Caruith's plan— The aircar had passed across the sea and the agricultural lands which fringed its southern shore, to go out over the true desert. This country made the Dreary of Ironland seem lush. Worn pinnacles lifted above ashen dunes; dust scuddled and whirled; Ivar glimpsed fossil bones of an ocean monster, briefly exposed for wind to scour away, the single token of life. Low in the west, Virgil glowered through a haze that whistled.
"Idea seems . . . chancy, over-subtle. . . . Can any nonhuman fathom our character that well?" he fretted.
"Remember, in me he is half human," Jaan replied; "and he has a multimillion-year history to draw on. Men are no more unique than any other sophonts. Caruith espies likenesses among races to which we are blind."
"I too grow impatient," Yakow sighed. "I yearn to see us free, but can hardly live long enough. Yet Caruith is right. We must prepare all Aeneans, so when the day comes, all will rise together."

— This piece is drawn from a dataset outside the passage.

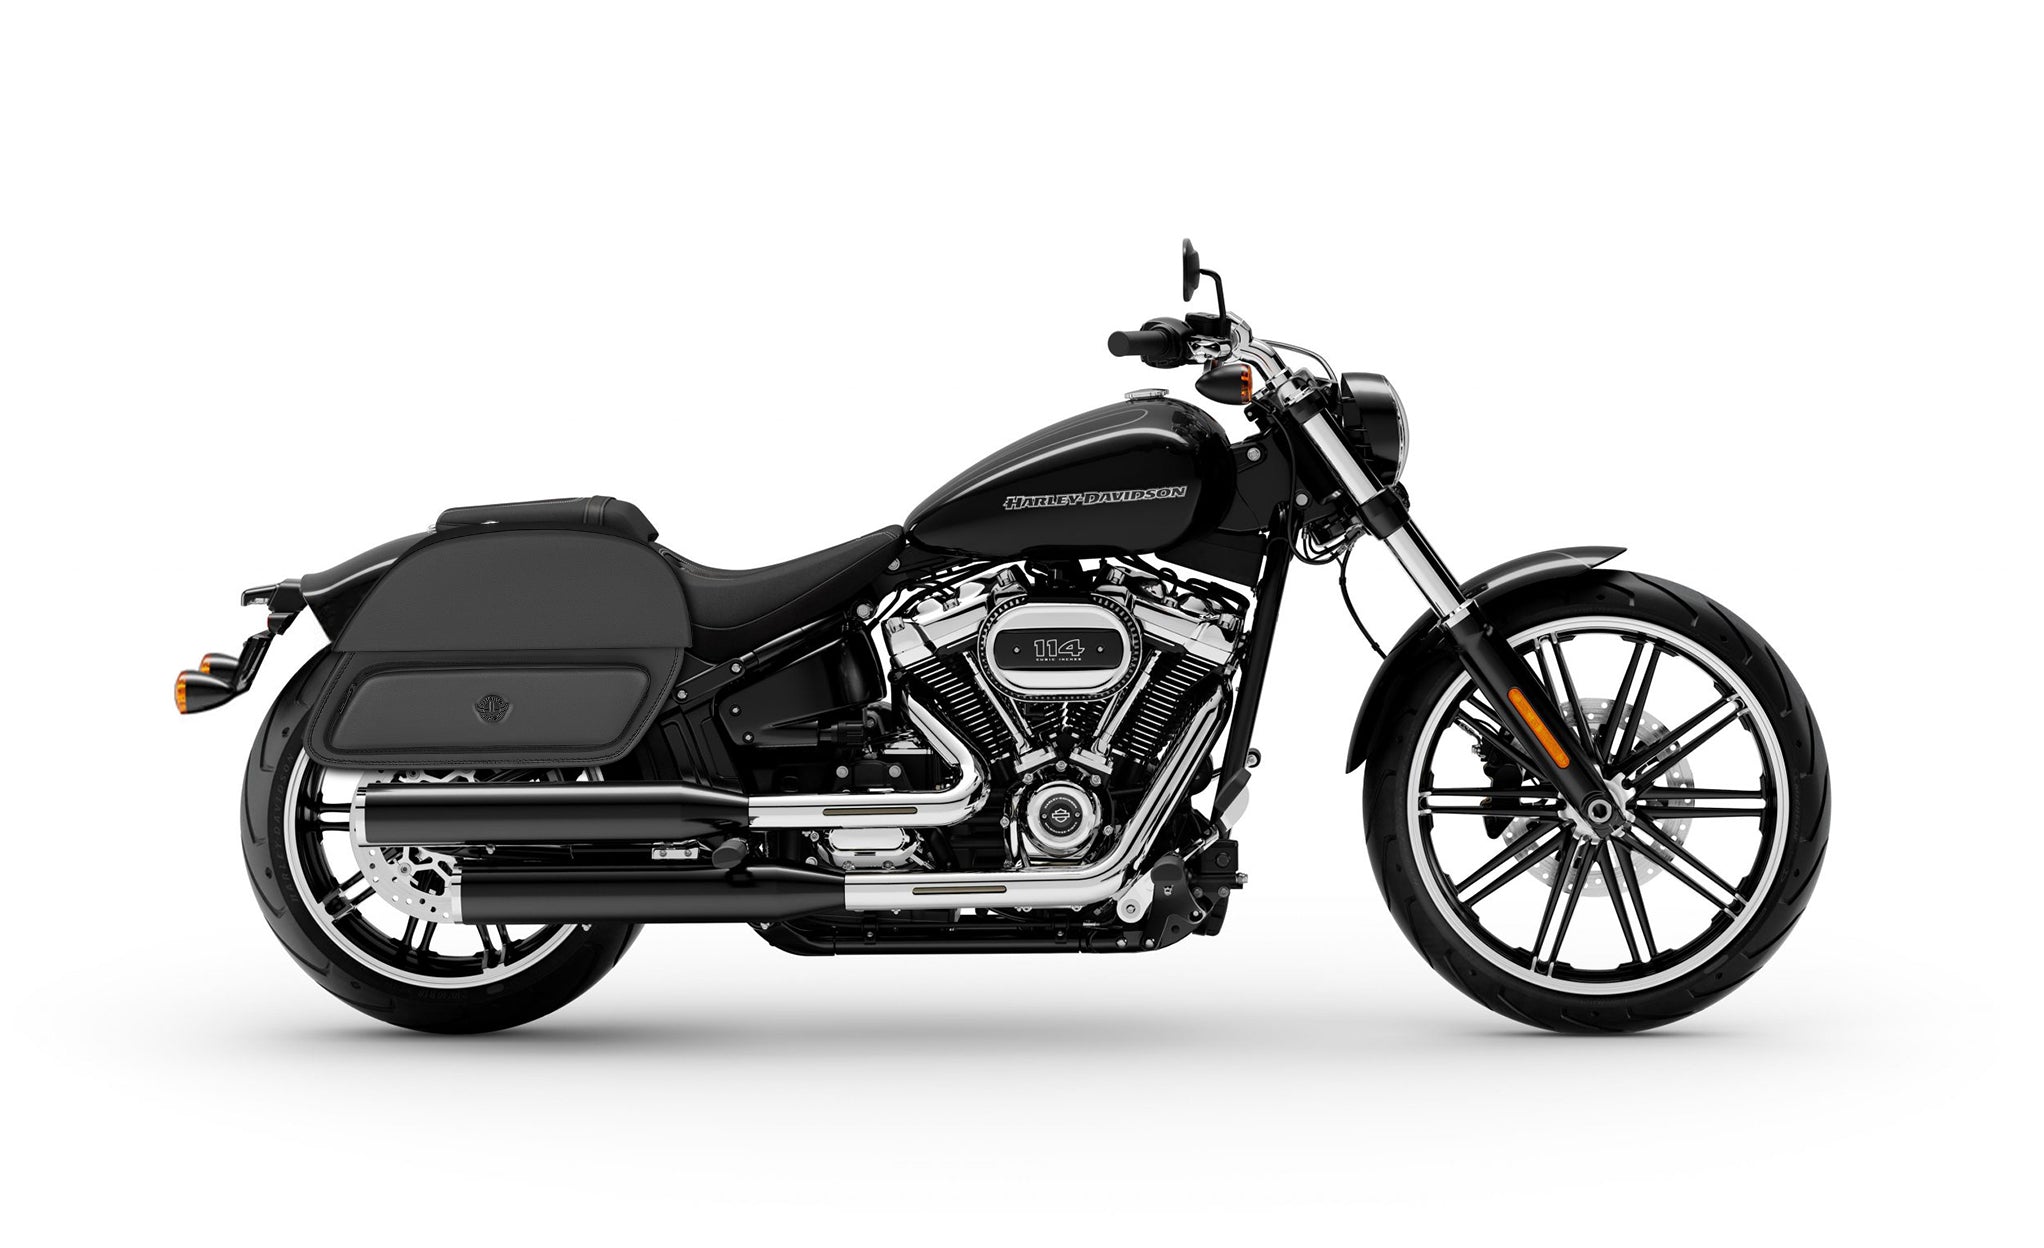 28L - Pantheon Medium Motorcycle Saddlebags for Harley Softail Breakout 114 FXBR/S on Bike Photo @expand

"The trade expansion is a means to that end," Jaan assured. "It should cause Orcans to travel across the planet, meeting each sort of other Aenean, leavening with faith and fire. Oh, our agents will not be told to preach; they will not know anything except that they have practical bargains to drive and arrangements to make. But they will inevitably fall into conversations, and this will arouse interest, and nords or Riverfolk or tinerans or whoever will invite friends to come hear what the outlander has to say."

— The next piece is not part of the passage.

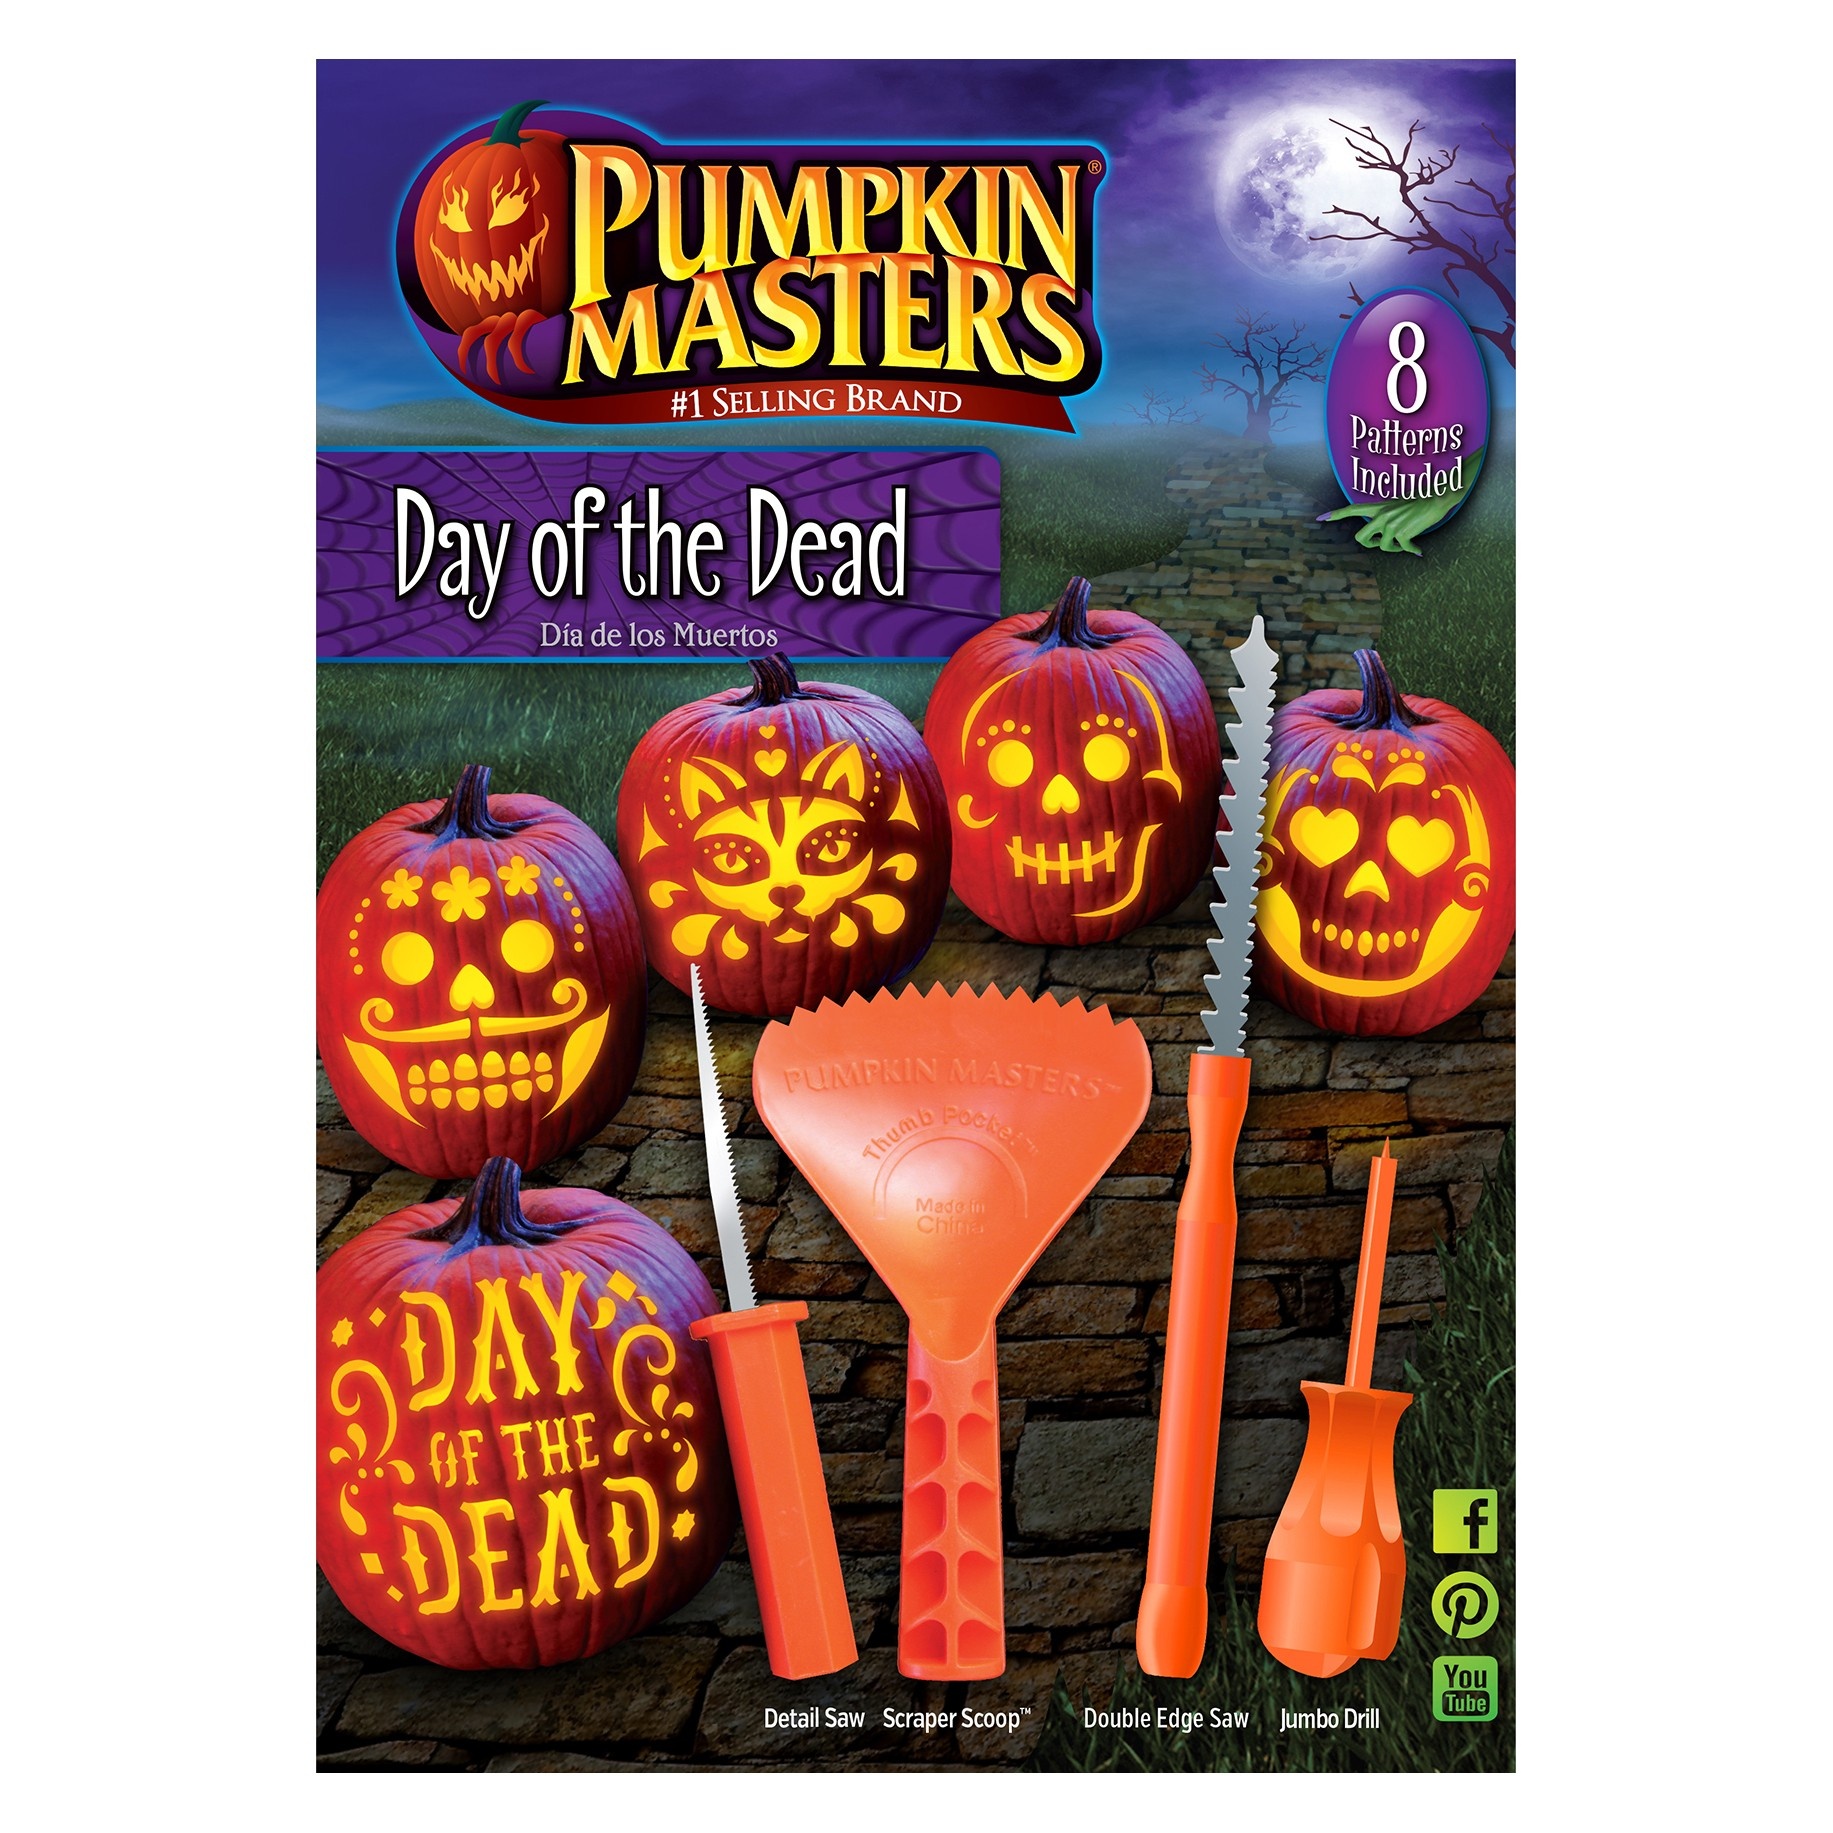 Duarte Sports - #Raiders Halloween pumpkin carving kit $9.99 To

"I've heard that several times," Ivar replied, "and I still have trouble understandin'. Look, sirs. You don't expect mass conversion to Orcan beliefs, do you? I tell you, that's impossible. Our different cultures are too strong in their particular reverences—traditional religions, paganism, Cosmenosis, ancestor service, whatever it may be."
"Of course," Jaan said softly. "But can you not appreciate, Firstling, their very conviction is what counts? Orcans will by precept and example make every Aenean redouble his special fervor. And nothing in my message contradicts any basic tenet of yonder faiths. Rather, the return of the Ancients fulfills all hopes, no matter what form they have taken."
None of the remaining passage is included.